- Film poster
- Directed by: Suzi Yoonessi
- Written by: Charlene deGuzman Mark Duplass Sarah Adina Smith
- Produced by: Jen Roskind
- Starring: Charlene deGuzman Melissa Leo John Hawkes
- Cinematography: Moira Morel
- Edited by: Kristina Davies
- Music by: Christopher French John Hawkes
- Production company: Duplass Brothers Productions
- Distributed by: Orion Classics
- Release dates: March 10, 2018 (South by Southwest); November 1, 2018;
- Running time: 80 minutes
- Country: United States
- Language: English

= Unlovable =

Unlovable is a 2018 American comedy-drama musical film directed by Suzi Yoonessi, and written by and starring Charlene deGuzman. The film tells the story of Joy, a Filipino-American woman, her struggle with sex and love addiction, and her recovery through music and platonic friendship. The film also stars John Hawkes and Melissa Leo, and is co-written by Sarah Adina Smith and Mark Duplass. The film was produced by Duplass Brothers Productions and distributed by Orion Classics. The film premiered at SXSW and received special jury recognition for the LUNA Gamechanger Award.

==Background==
In an L.A. Times interview, deGuzman disclosed that she contacted Mark Duplass via Twitter DM about the initial script for Unlovable, which she first wrote as a pilot 30 days into a 12-step program for sex and love addiction. Duplass described her as "writing at the funeral, basically. It was all alive, and it was a learning process."

== Plot ==
Joy is a sex and love addict. At the onset of the film, she tries to kill herself by taking pills and drinking NyQuil, but fails. She is in a questionable relationship with her boyfriend Ben who also works with her as an actor on a children's show, and who does not treat her well. Joy is constantly on the search for something to fill the emptiness in her soul, but nothing ever seems to be enough, whether it be drugs, alcohol, or sex. After Ben cancels plans with Joy, she gets drunk and has sex with another man. Finding pierogies in the refrigerator, the telltale sign that Joy went on a bender the night before, Ben breaks up with her and tells her to get help.

Joy goes to a sex and love addicts meeting where she meets Maddie, who she tries to get to be her sponsor. Initially, Maddie declines, but she does give Joy her phone number.

That night, Ben tells Joy to move out. In response, she goes out and then wakes up underneath a stranger in his house. The house is full of other men, asleep in various states of undress, who were apparently there for a Bachelor party. Joy finds a stack of photographs of herself from the night and is disgusted with what she sees. The first man offers Joy money for her services, assuming she is a prostitute. As she leaves, she gets a call from her boss, saying that she has been fired. Distressed, she calls Ben and then her parents, but no one answers.

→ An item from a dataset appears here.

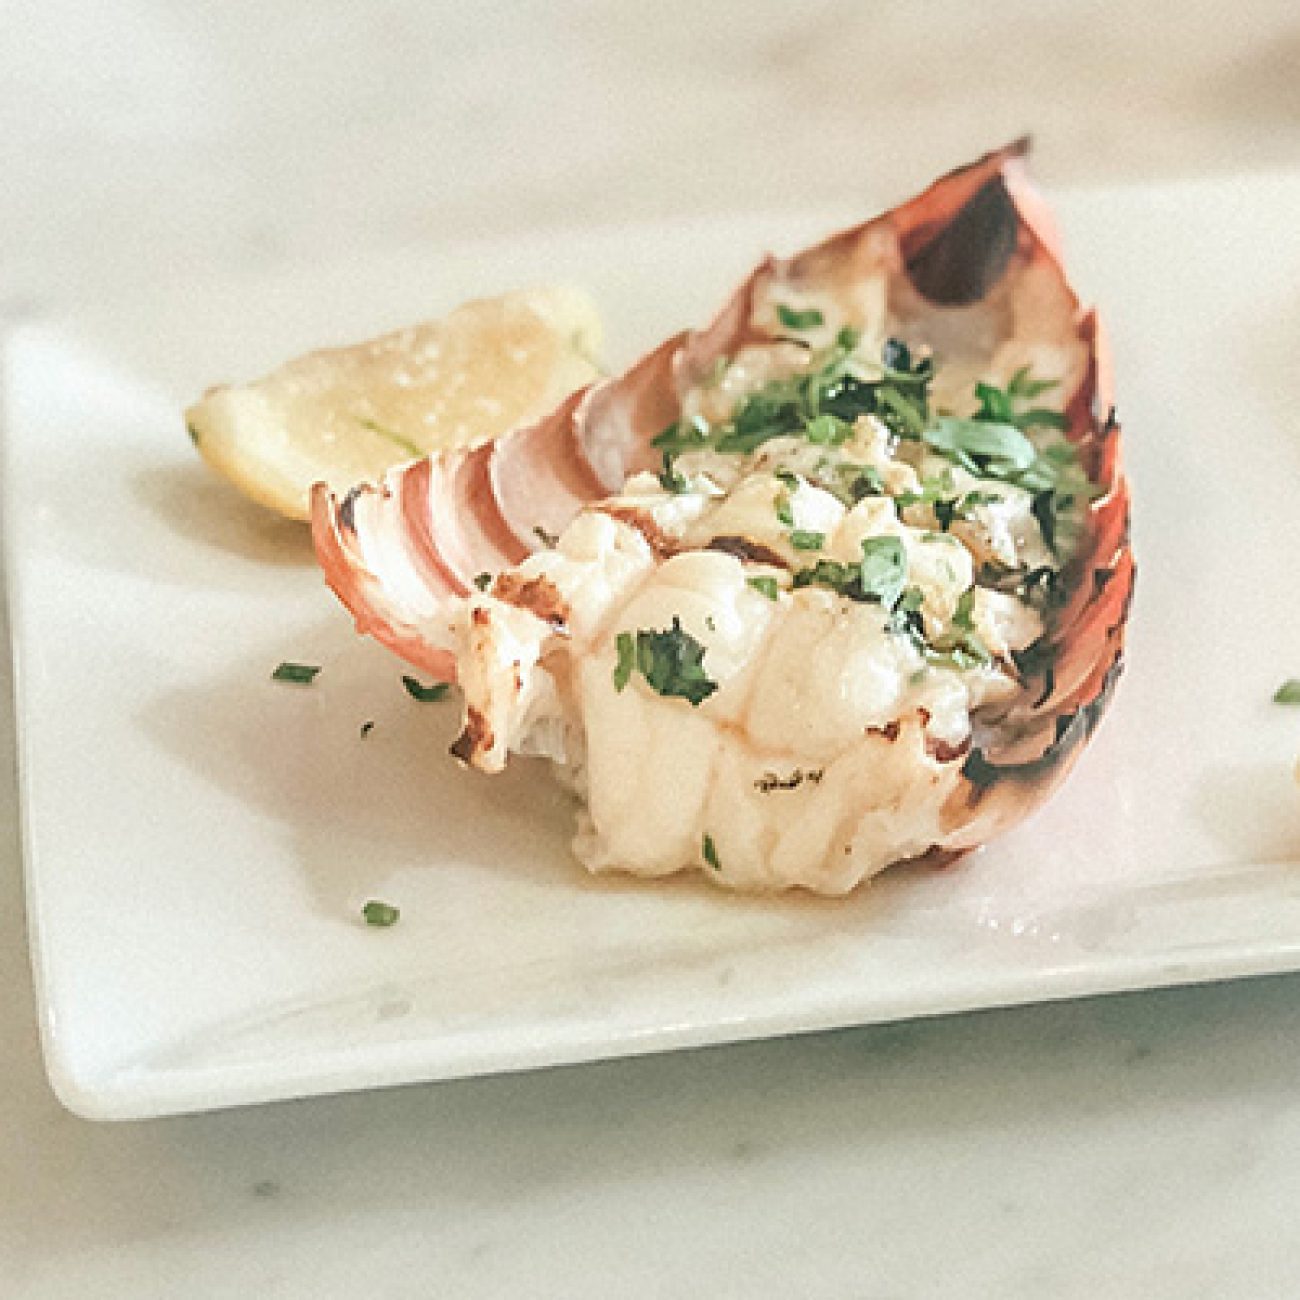 Luscious Lobster Dip Inspired by Vineyard Flavors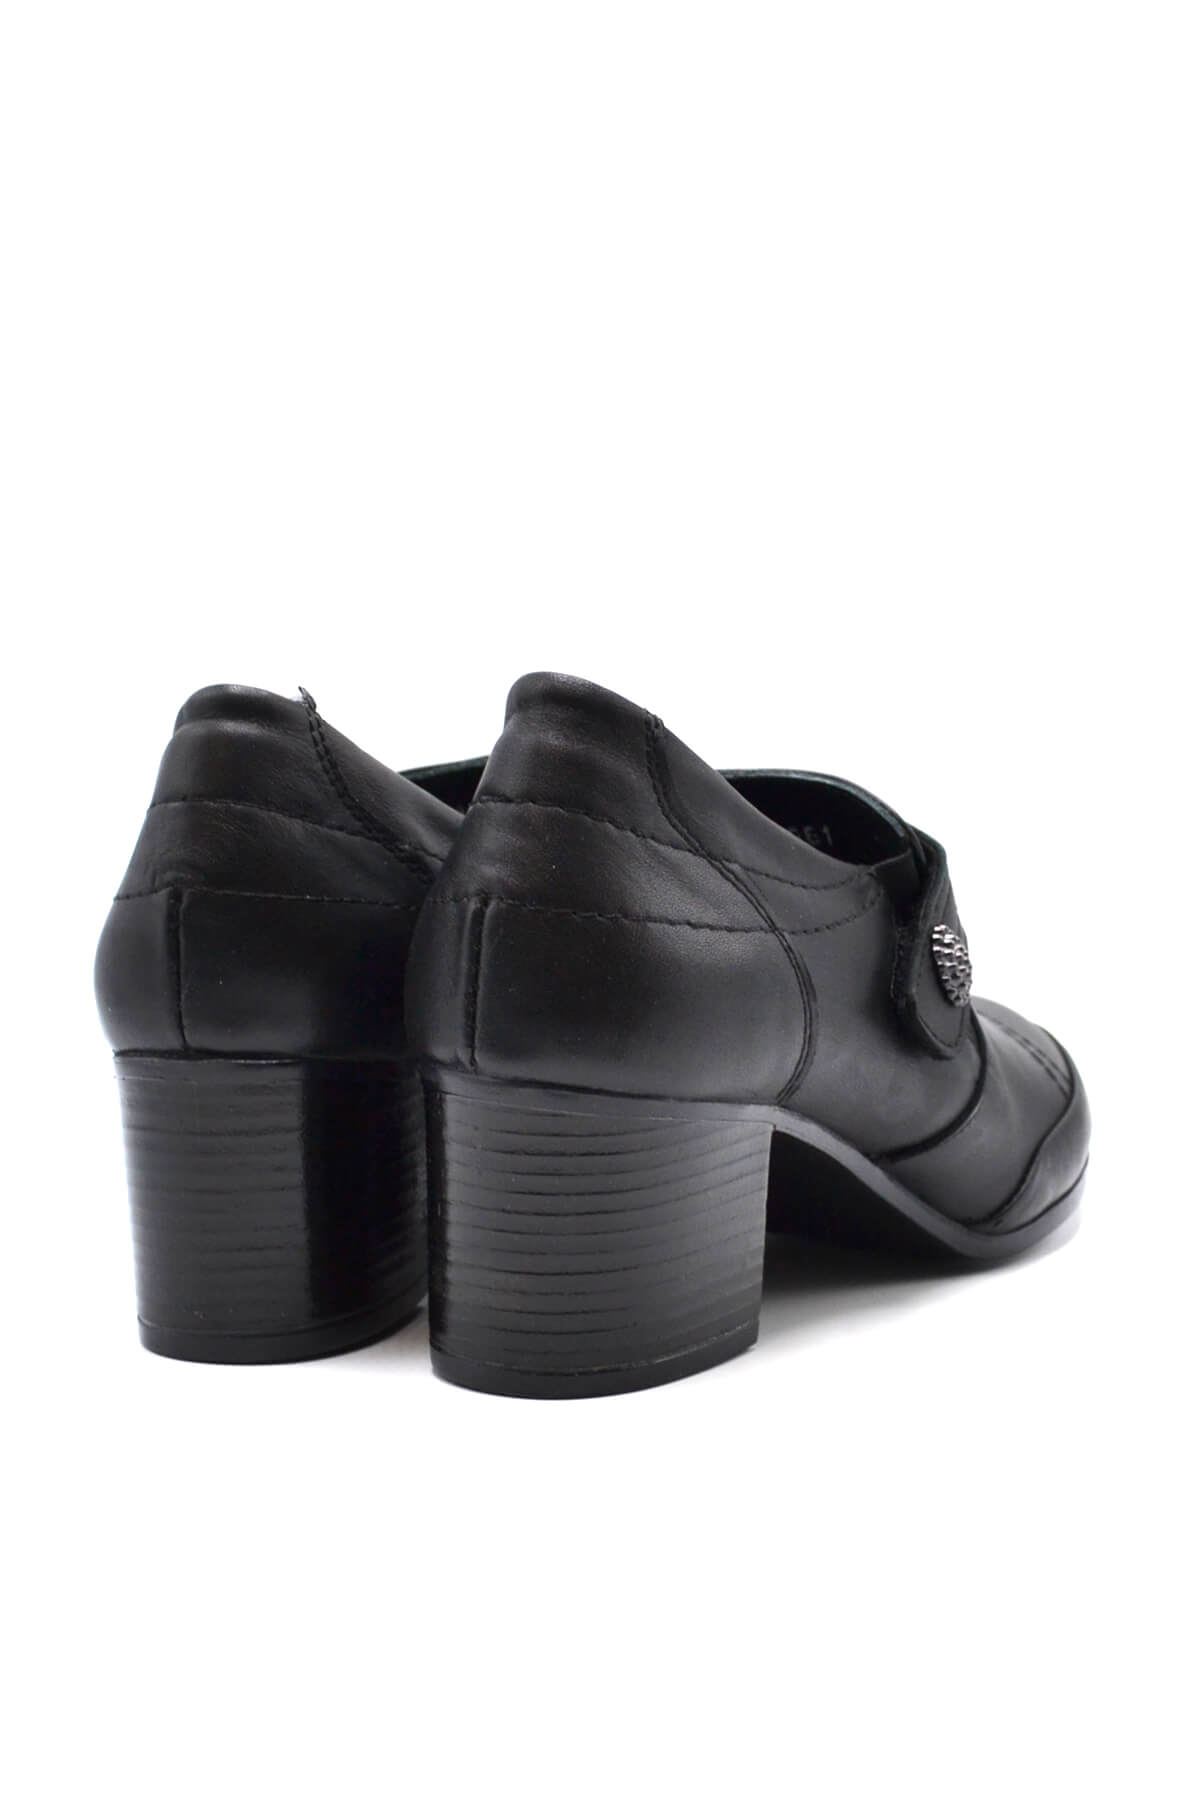 Kadın Topuklu Ayakkabı Siyah 1911961K - Thumbnail

She calls Maddie, who comes to pick her up and then agrees to sponsor her, so long as she goes 30 consecutive days sober from sex and romance. As Joy struggles to get sober, she follows Maddie's suggestion of adopting a hobby and finds herself taking over the drum kit in the garage that belongs to Maddie's awkward brother, Jim. As the two of them create music together, a secret friendship grows.

==Release==
In September 2018, Orion Classics acquired distribution rights to Unlovable in North and Latin America. The film had a theatrical release beginning November 1, 2018, and was launched on video on demand and digitally the following day.

== Reception ==
On review aggregator Rotten Tomatoes, the film holds an approval rating of based on reviews, with an average rating of . On Metacritic, the film has a weighted average score of 77 out of 100, based on 7 critics, indicating "generally favorable reviews".

IndieWire gave the film a B+ rating, stating that: "It's a fluffy spin on the recovery genre, but it's a fresh one, and deGuzman's hard-won life experience adds veracity and honesty to the snappy narrative." In its review of the film, Film Journal International considered that: "Duplass, deGuzman and director Suzi Yoonessi have packaged a slight but sure winner." In their review of the film, the LA Times stated: "Here, director Suzi Yoonessi and co-writer/star Charlene deGuzman gift audiences with an oddball protagonist who is a real human being, and not the one-note manic pixie dream girl that plagues lesser indies."